A 32 kHz stereo variant trained on additional music data was released in 2023 to accompany the MusicGen-Stereo follow-on, doubling the channel count of the tokenizer without changing the underlying architecture.[7]
EnCodec's most consequential downstream role has not been compression per se, but discrete tokenization of audio for generative Transformer models. By turning a continuous waveform into a regular grid of integer codes, EnCodec lets any next-token language model trained on text be straightforwardly adapted to audio: the model predicts the next set of codebook indices, and the EnCodec decoder converts them back to sound.
MusicGen, announced by Meta in June 2023, is a text-conditioned music generation model that autoregresses over EnCodec tokens at 32 kHz with 4 codebooks per frame at a 50 Hz frame rate, yielding 200 RVQ codes per second.[3] The MusicGen paper, authored by Jade Copet, Felix Kreuk, Itai Gat, Tal Remez, David Kant, Gabriel Synnaeve, Yossi Adi and Alexandre Défossez, was accepted at NeurIPS 2023.[3] The Transformer learns one of several "code interleaving patterns" that flatten the 4-codebook x time grid into a single sequence the model can predict step by step, and conditioning is supplied by a text encoder.[3] EnCodec's decoder reconstructs the final waveform, meaning MusicGen's audible output quality is bounded above by EnCodec's reconstruction fidelity at the corresponding bitrate.
AudioGen, originally proposed by Felix Kreuk and colleagues in September 2022, generates environmental and Foley sounds from text descriptions. The audiocraft reimplementation that shipped publicly is "a single stage auto-regressive Transformer model trained over a 16 kHz EnCodec tokenizer with 4 codebooks sampled at 50 Hz."[4] The same discrete-token recipe used for music transfers to general sound effects with no architectural change to either the codec or the LM.
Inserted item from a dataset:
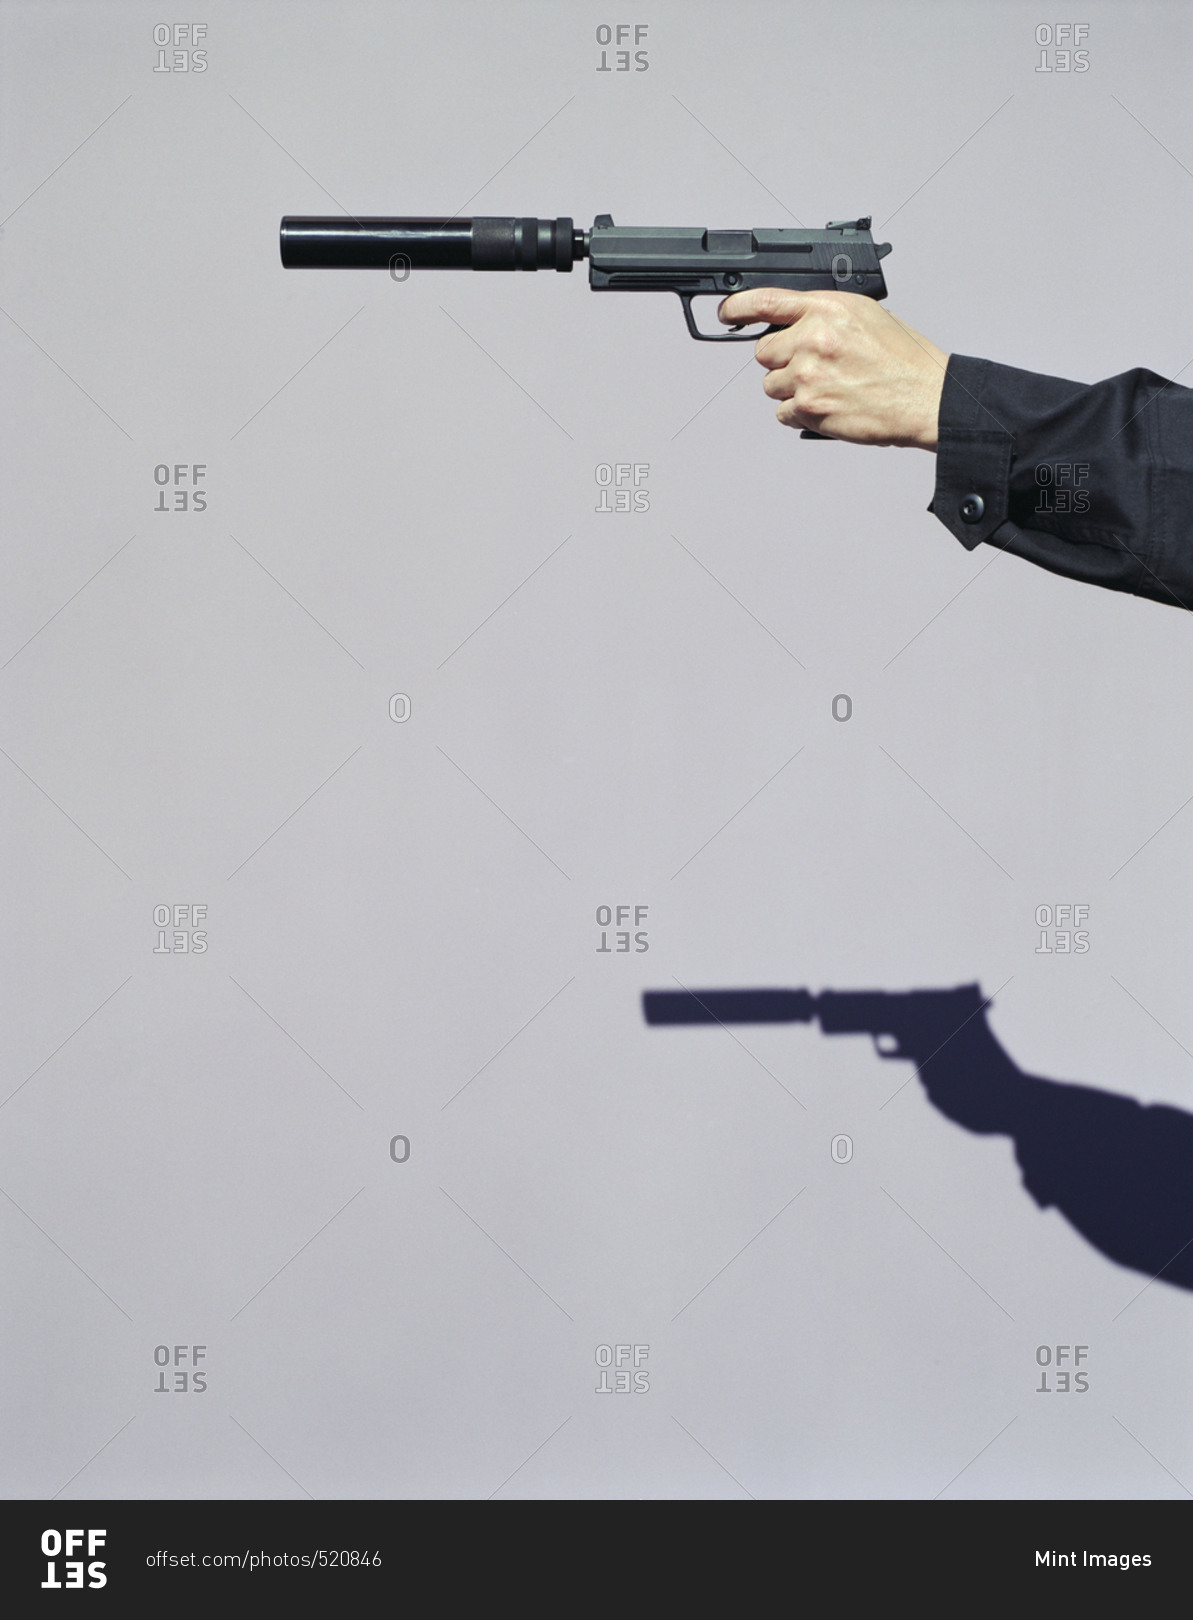 Detail of man aiming high powered hand gun with silencer

Bark, released by Suno in 2023, is an open-source text-to-audio system that produces multilingual speech, sound effects, and short music passages from text prompts.[5] It is a three-stage cascade: a Transformer turns text into "semantic tokens" inspired by AudioLM; a second Transformer turns semantic tokens into the first 2 EnCodec codebooks (its "coarse" tokens); and a third Transformer fills in the remaining 6 codebooks (the "fine" tokens) before EnCodec's decoder synthesises the final waveform.[5] All audio is therefore reconstructed via Meta's 24 kHz EnCodec model. Because Bark uses EnCodec at inference, the system inherits both its MIT-licensed code and the underlying acoustic fidelity. Suno later moved its commercial product line to proprietary codecs but Bark retains EnCodec.[5]
The EnCodec recipe became the de facto template for "audio LM" research through 2023 and 2024. VALL-E and VALL-E X from Microsoft framed zero-shot text-to-speech as next-token prediction over EnCodec-style codes; Meta's MAGNeT applied masked non-autoregressive generation to the same token grid; and the audiocraft library exposed EnCodec as a swappable tokenizer for community follow-on work.[3][7] The pattern of treating audio as a sequence of RVQ codes, popularised by EnCodec and SoundStream, became a foundation for the discrete-audio generative-model paradigm that competes with continuous diffusion approaches in Stable Audio and related systems.[9]
The intended application domain is general-purpose audio coding for streaming, archival, and constrained-bandwidth communications. The 24 kHz mono codec is suitable for podcasts, voice messaging, video-conferencing, and audiobook delivery at bitrates an order of magnitude below Opus while matching its perceptual quality. The 48 kHz stereo codec is targeted at music streaming and music archival; the paper points to 6 to 12 kbps stereo as a viable replacement for MP3 at 64 kbps.[1]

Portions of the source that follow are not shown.